* [TASK PROMPT]
Set down, exactly and only, everything from the line containing "ff560143c صحيفة القدس" down to the line containing "pantalon femme fluide" in the data below; the pictures are not part of the copy.

* [PROVIDED ENTRIES]
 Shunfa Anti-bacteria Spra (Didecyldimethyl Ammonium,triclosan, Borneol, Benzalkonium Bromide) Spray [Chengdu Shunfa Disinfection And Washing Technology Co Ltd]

--

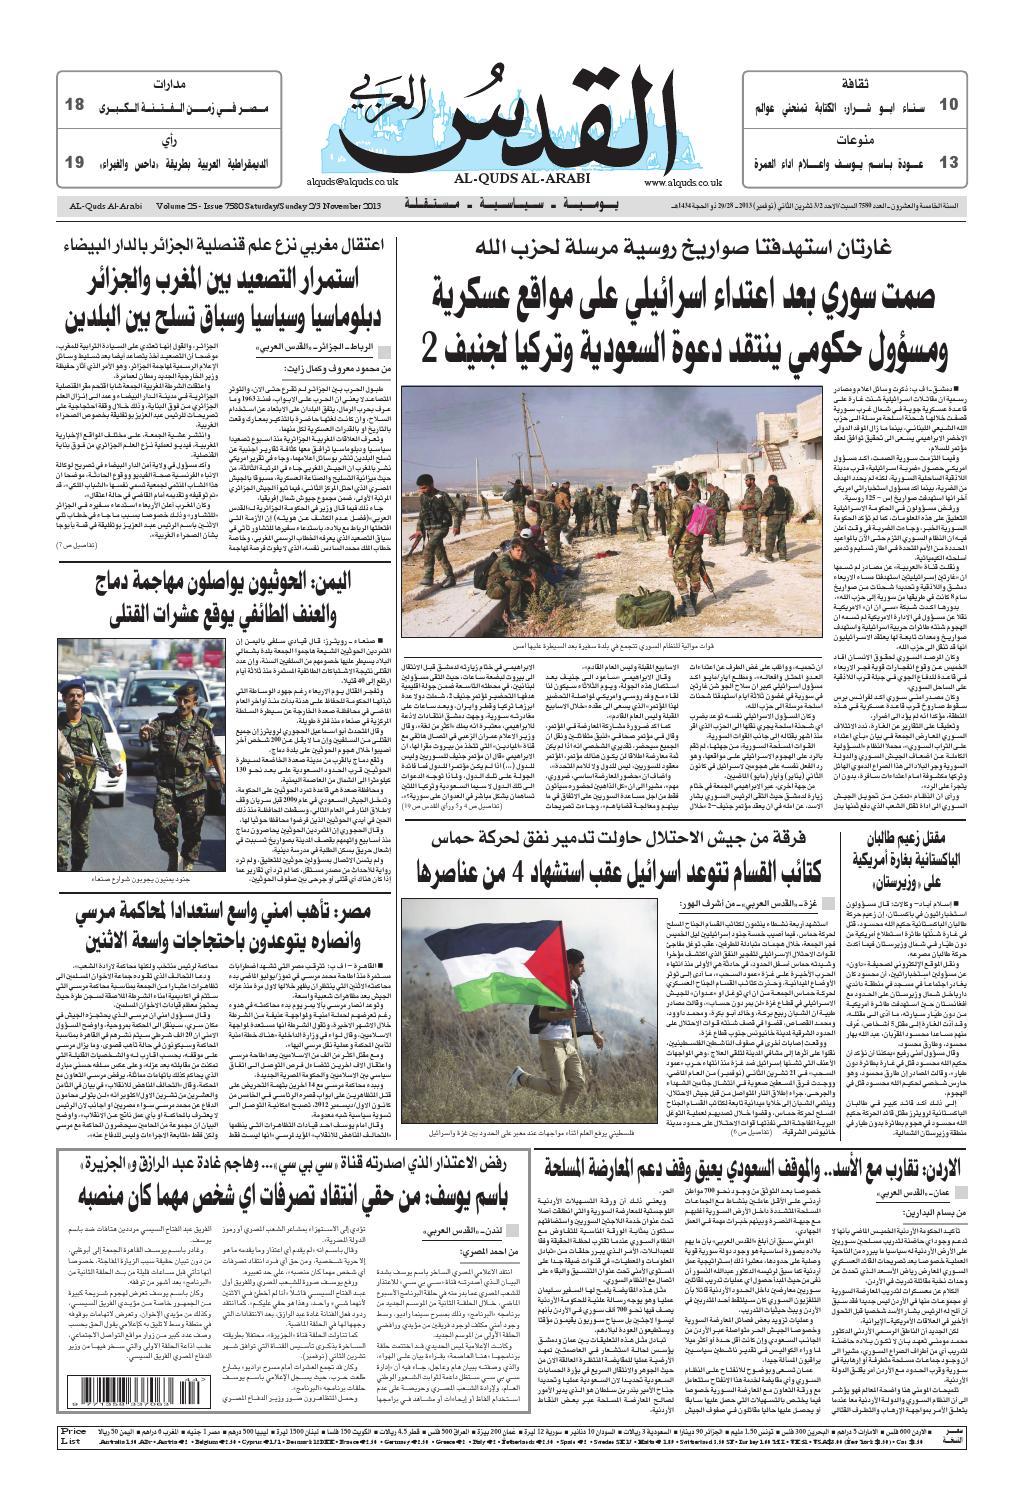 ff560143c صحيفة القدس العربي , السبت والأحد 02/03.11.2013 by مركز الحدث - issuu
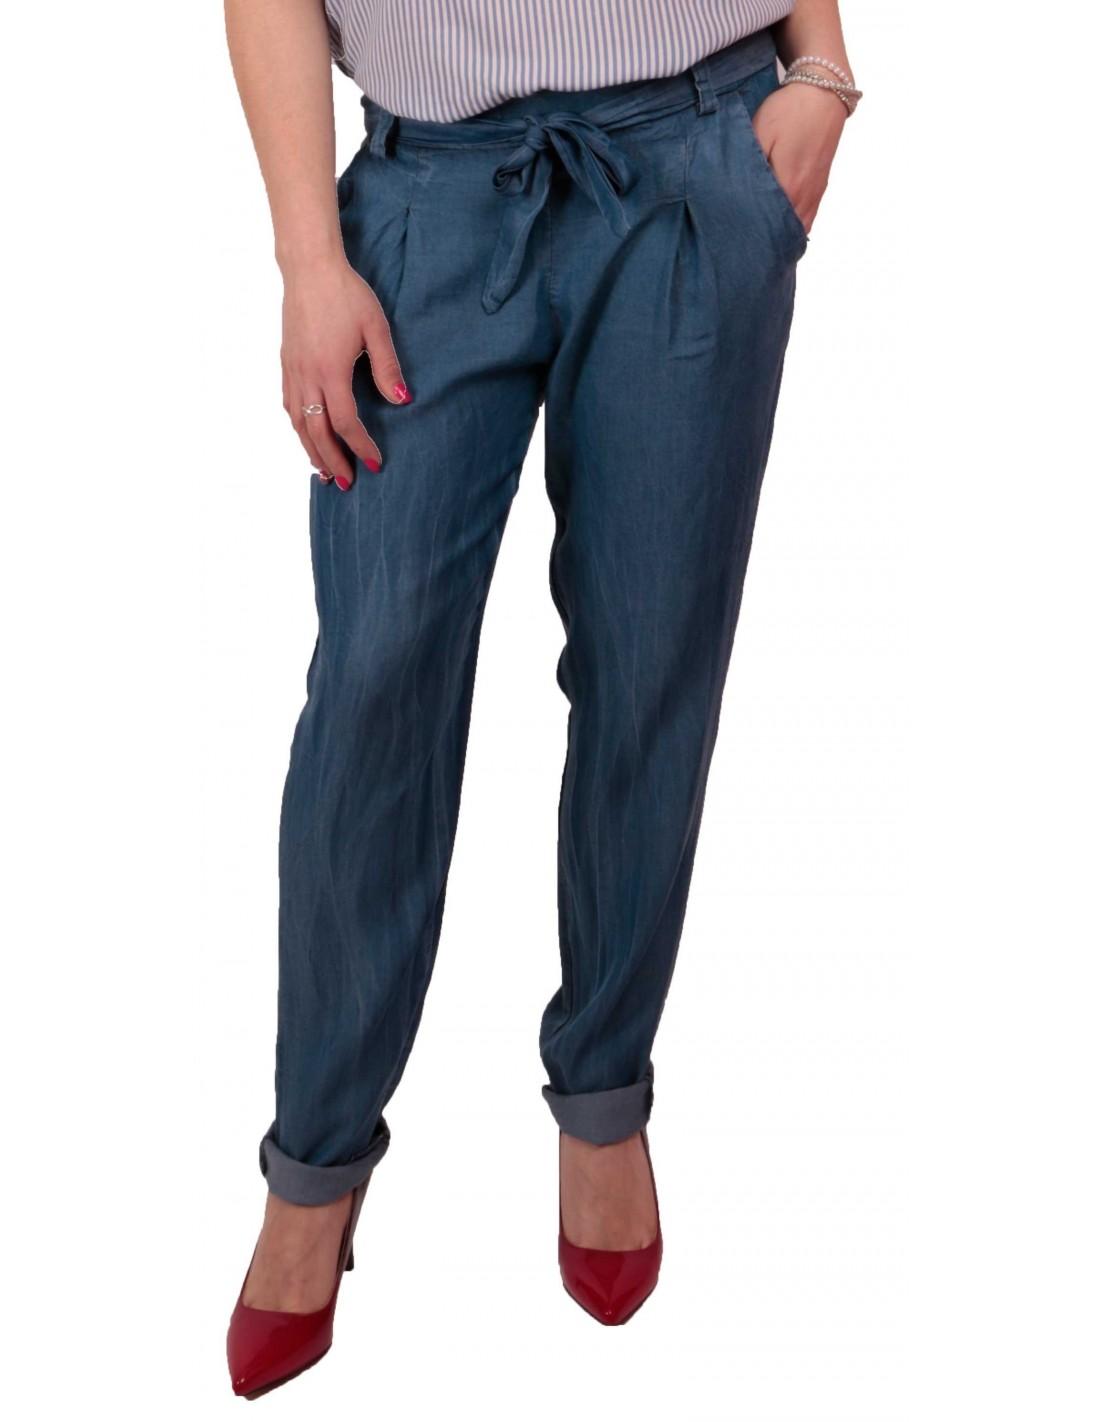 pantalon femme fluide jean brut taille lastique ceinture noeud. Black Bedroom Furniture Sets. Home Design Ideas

---

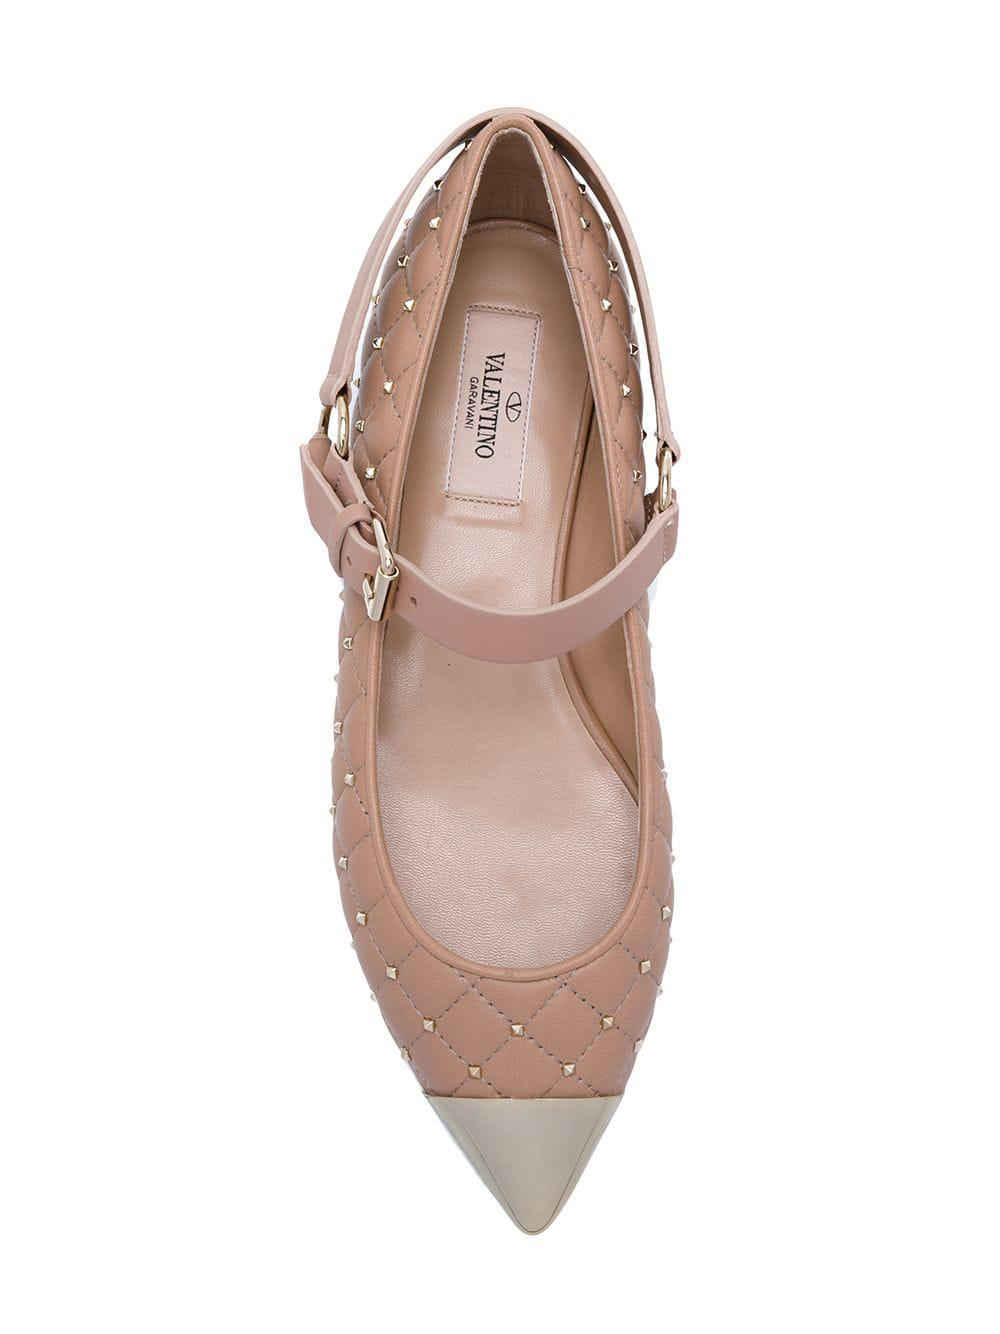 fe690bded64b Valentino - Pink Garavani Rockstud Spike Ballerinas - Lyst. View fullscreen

* [SOLUTION BELOW]
 ff560143c صحيفة القدس العربي , السبت والأحد 02/03.11.2013 by مركز الحدث - issuu
 pantalon femme fluide jean brut taille lastique ceinture noeud. Black Bedroom Furniture Sets. Home Design Ideas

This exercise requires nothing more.